Lidia
P.
Specjalista ds.
reklamy
Temat: CZY BEZDOMNIAK PRZYZWYCZAI SIĘ DO ŻYCIA W MIESZKANIU Z...
Proszę o radę ...:)Mam wątpliwości czy bezdomny kot dobrze będzie się czuł w 43m2 mieszkaniu, w którym jest już roczna kotka.
Moja kicia była malutka jak ją wzięłam i nie miałam aż takich wątpliwości. Ten myślę, że może mieć ponad rok. We wrześniu zaczął przychodzić pod okna mojej pracy, czasami go wpuszczałam i przesypiał całe 8 godzin na krześle, albo przeleżał na klawiaturze i domagał się pieszczot...niestety na noc nie mogę go zostawiać w pokoju, więc pod oknem przyszykowałam mu pudełko i koc. Rysiek - bo tak go nazywamy niestety jest dość mało asertywny i inny kot zajął mu mieszkanko. Teraz Rysiek leży na kocyku pod oknem, rzadko gdzieś odchodzi. Jest inny niż pozostałe dzikie koty, mam wrażenie, że musiał być czyjś.

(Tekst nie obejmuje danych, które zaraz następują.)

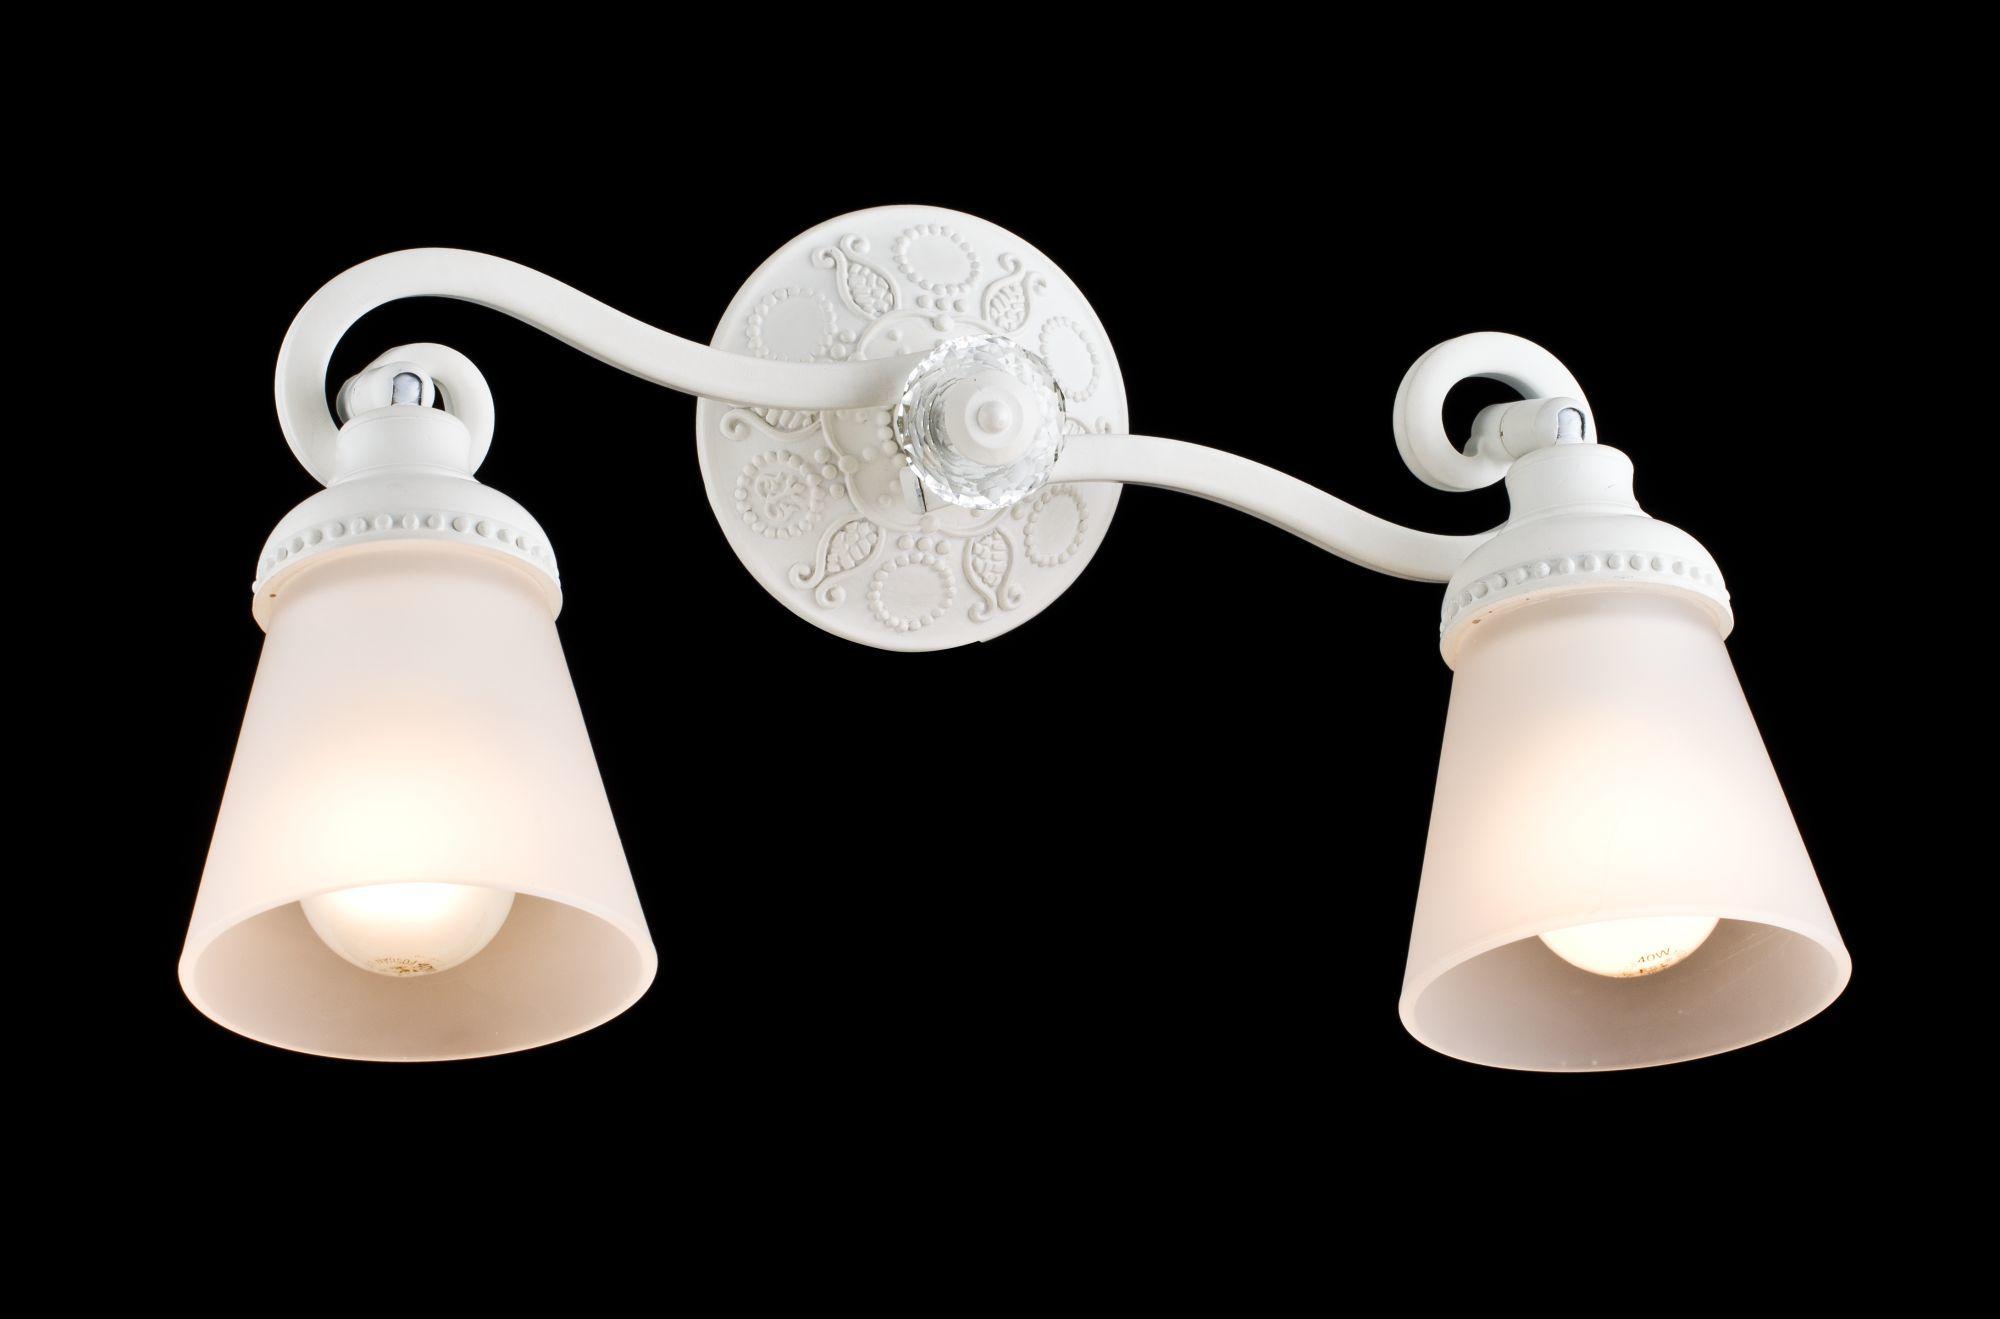 Потолочный светильник с регулировкой направления света Maytoni Mia SP564-CW-02-W (eco564-02-w), 2xE14x40W, белый, металл, стекло - фото 3

Jesteśmy zdecydowani wziąć drugiego kota, ale mam wątpliwości:
1. Czy takiemu kociakowi, który jest przyzwyczajony do życia na zew. (dodam, że otoczenie mojej pracy - Hotelu to las i wieś) będzie lepiej na wolności a ja tyko będę go dokarmiać, czy lepiej wziąć go do domu?
2.Jeżeli już go wezmę to czy Rysiek nie zacznie się po jakimś czasie męczyć zamknięty w mieszkaniu (do dyspozycji balkon na trzecim piętrze i raz w tygodniu spacery po lesie- raczej na smyczy?)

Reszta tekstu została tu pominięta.